Our Halfway House

by roguesparrow



Category: Supernatural
Genre: Gen, Harvelle's Roadhouse, Reflection
Language: English
Status: Completed
Published: 2017-04-16
Updated: 2017-04-16
Packaged: 2018-10-19 20:44:06
Rating: General Audiences
Warnings: No Archive Warnings Apply
Chapters: 1
Words: 833
Publisher: archiveofourown.org
Story URL: https://archiveofourown.org/works/10647720
Author URL: https://archiveofourown.org/users/roguesparrow/pseuds/roguesparrow
Summary: “These aren’t our memories to mess with, Sam. This place meant something to more than just us…it’s a hunters place, and it always will be.”





	Our Halfway House

**Author's Note:**

> Written for a ficbattle with boopish, from the word 'halfway'. My first writing for a very long time, so please let me know what you think!

It stands, forlorn.

The rusting windmill in the forecourt creaks eerily in the spring breeze. Weeds and vines creep up through the broken windows, climbing up the bare walls, imbedding themselves into the dry wood. Once a large building, a number of the outer walls have been destroyed and collapsed in, with only the blackened struts jutting out in the open air like jagged teeth. Time and the elements have taken their toll inside – the walls are faded, paint once lovingly chosen rotten and peeling. Nature has begun to encroach here, too - a table, broken and badly burned, shelters an animal’s nest. Tattered rags of curtains have been dragged into the alcove, flashes of colour entwined amongst the litter. On the soot streaked floor surrounding the table personal items are scattered – books, a jacket, a pair of glasses. An ancient teddy bear, dirtied and worn with age, is just barely able to be seen underneath a pile of rubble.

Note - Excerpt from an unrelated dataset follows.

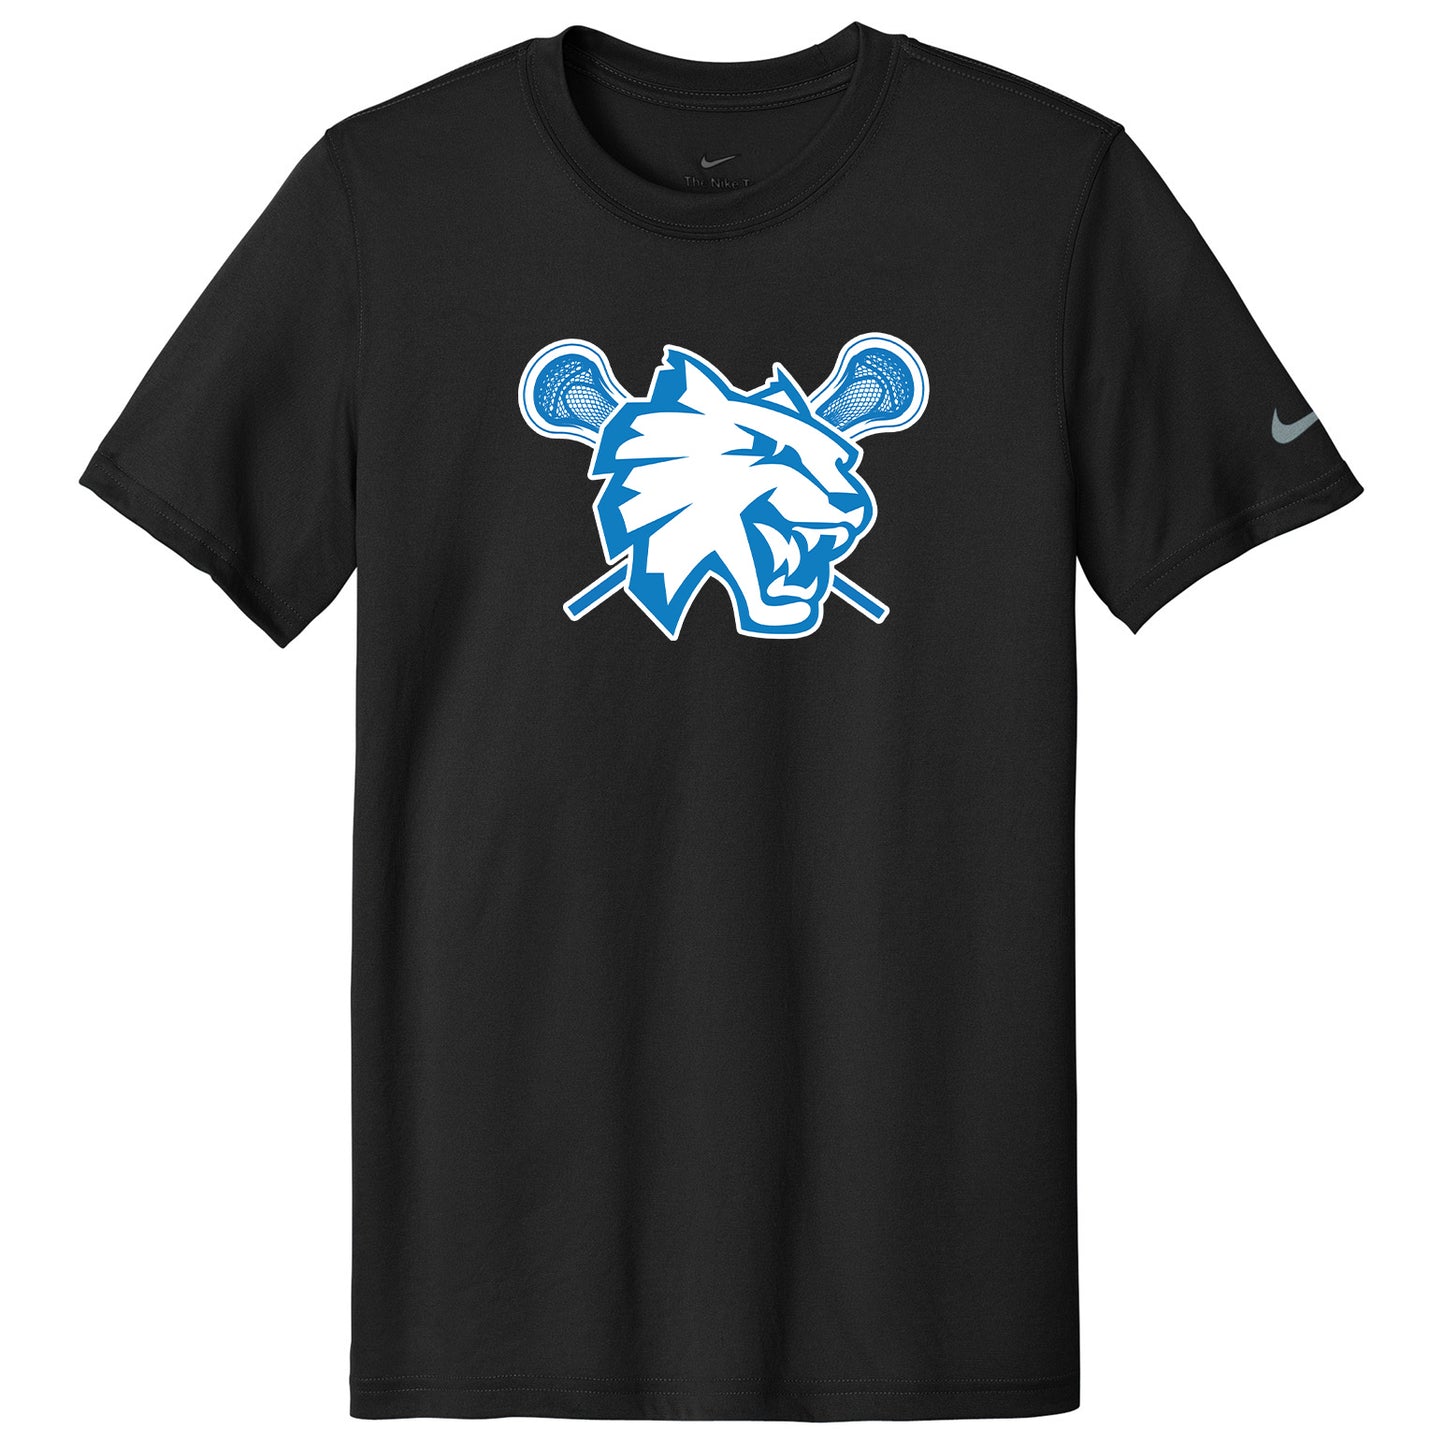 Suffield Youth Lacrosse - Ladies Nike Tee "Cat" - NKDX8734 (color options available)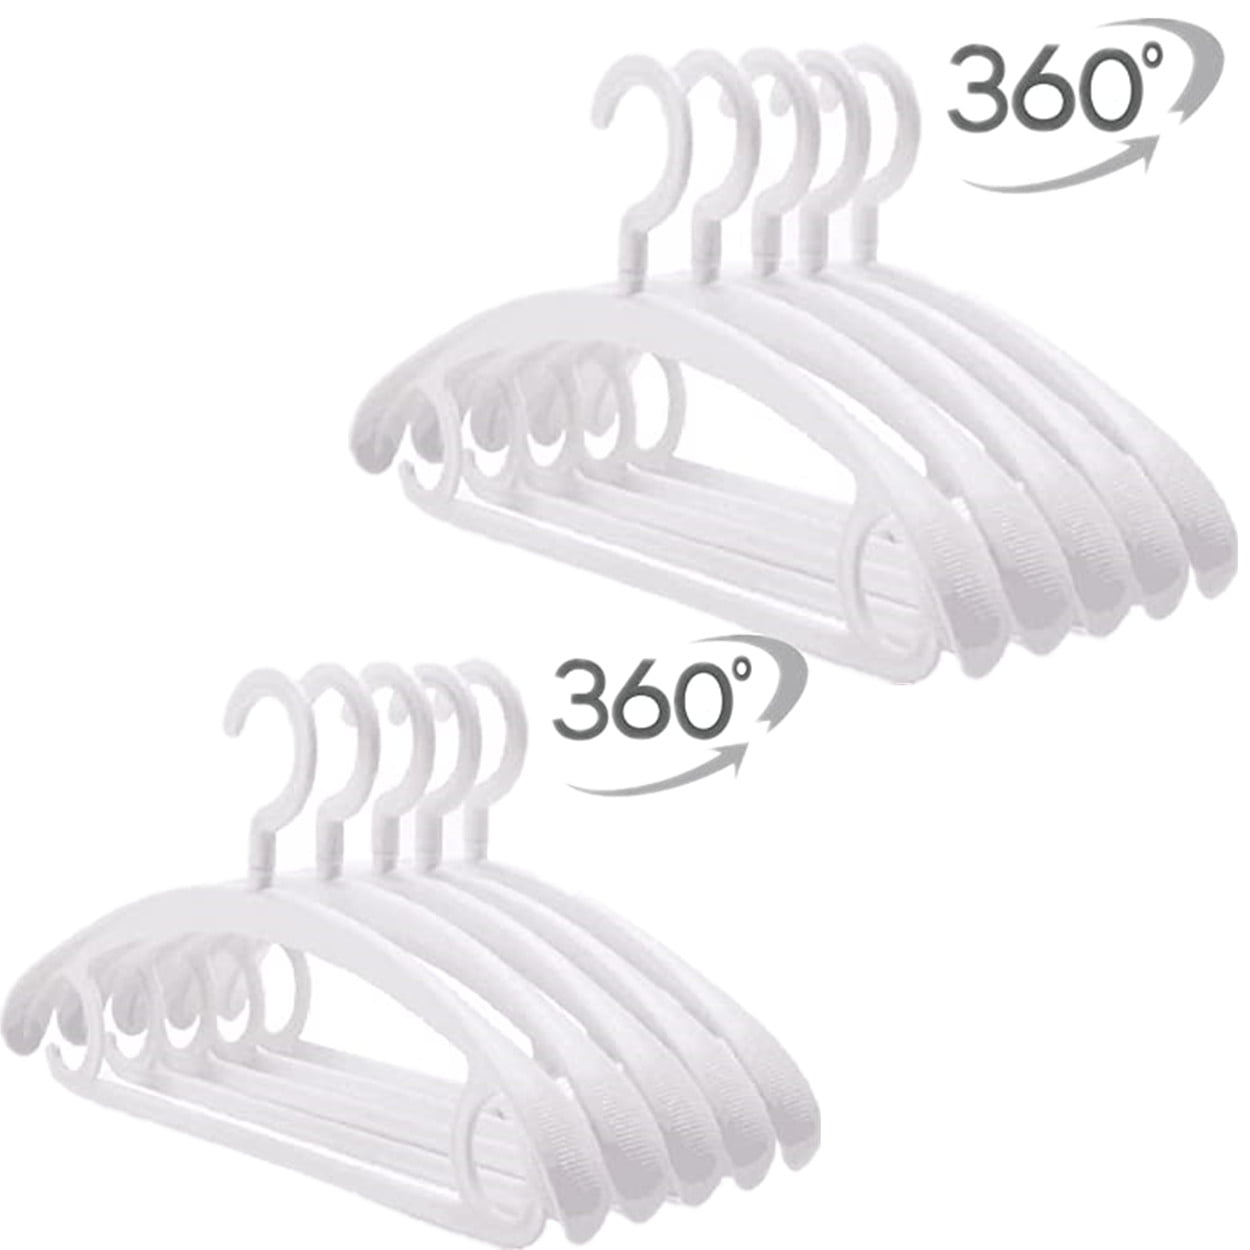 Heavy Duty Plastic Hangers, 18 Lined Garment Racks. Non-slip. Space saving,  360° swivel hook, suitable for towels, clothes, etc. Green White

Within these walls, a little girl grew. Cracked frames show old pictures of a small family, the young girl in the photo pulling a face to her mother’s disapproval and father’s laughter. Another showed her in her father’s arms, long blonde pigtails trailing down her. The frames had been repaired multiple times, photos carefully replaced. A more recent looking photo had been less carefully treasured – a small hole in the corner revealed it was pinned to a board at some point. The blonde was much older, with a half-smile now, raising a glass to the camera alongside her mother. The picture flutters in a gust and is swept away, coming to rest at the foot of an upturned barstool. Glass litters the floor here, broken bottles of all shapes and sizes, glinting in the afternoon light. A tumbler, miraculously intact, rests on the faded green felt of a warped pool table, beside splintered cues scattered and embedded across its surface. Dark, unsightly stains mar the fabric. Deep gouges spoil the carved wooden legs and continue across the floor, long and threatening. A leather binder, torn and discoloured, lay open and abandoned, half hidden under the twisted remains of a dartboard. There are more personal items here – a cheap watch, a notebook -

A gun.

It lays at the base of the bar, as if it had been flung away in a hurry, as if it had been useless. If someone were to look carefully, it may have been noticed that amongst the glittering glass on the floor other things glinted – bullets. So many bullets, fired so quickly, to no avail. Farther from the bar, toward the hanging front door, a stained knife handle sticks up from the dry ground. The blade is distorted, rendered unusable as if by a blistering heat. Nearby a small metal flask lay opened, its contents long gone dry, a cross painstakingly engraved on its side. A sudden, stronger breeze swings the door on its rusted hinges, dislodging the well-used rosary hanging from the split doorframe and sending it tumbling to the ground in a cloud of dust. Above, the corrugated iron lining the porch roof groans ominously, already bowed with age and the weight of the sign it supported. In pieces now, the light up sign once signalled peace and rest for many people, people who struggled to find a safe place as they are the few that truly know the dangers. They are the people who save at the risk of their own lives. Here, they once traded secrets, methods, contacts. Here, they once celebrated the lives of those lost, in this halfway house named after a loved one lost long ago. Here, they mourned, for the living and the dead, for the lives they would never truly experience and for the lives cut short. Because they are the people who sacrifice.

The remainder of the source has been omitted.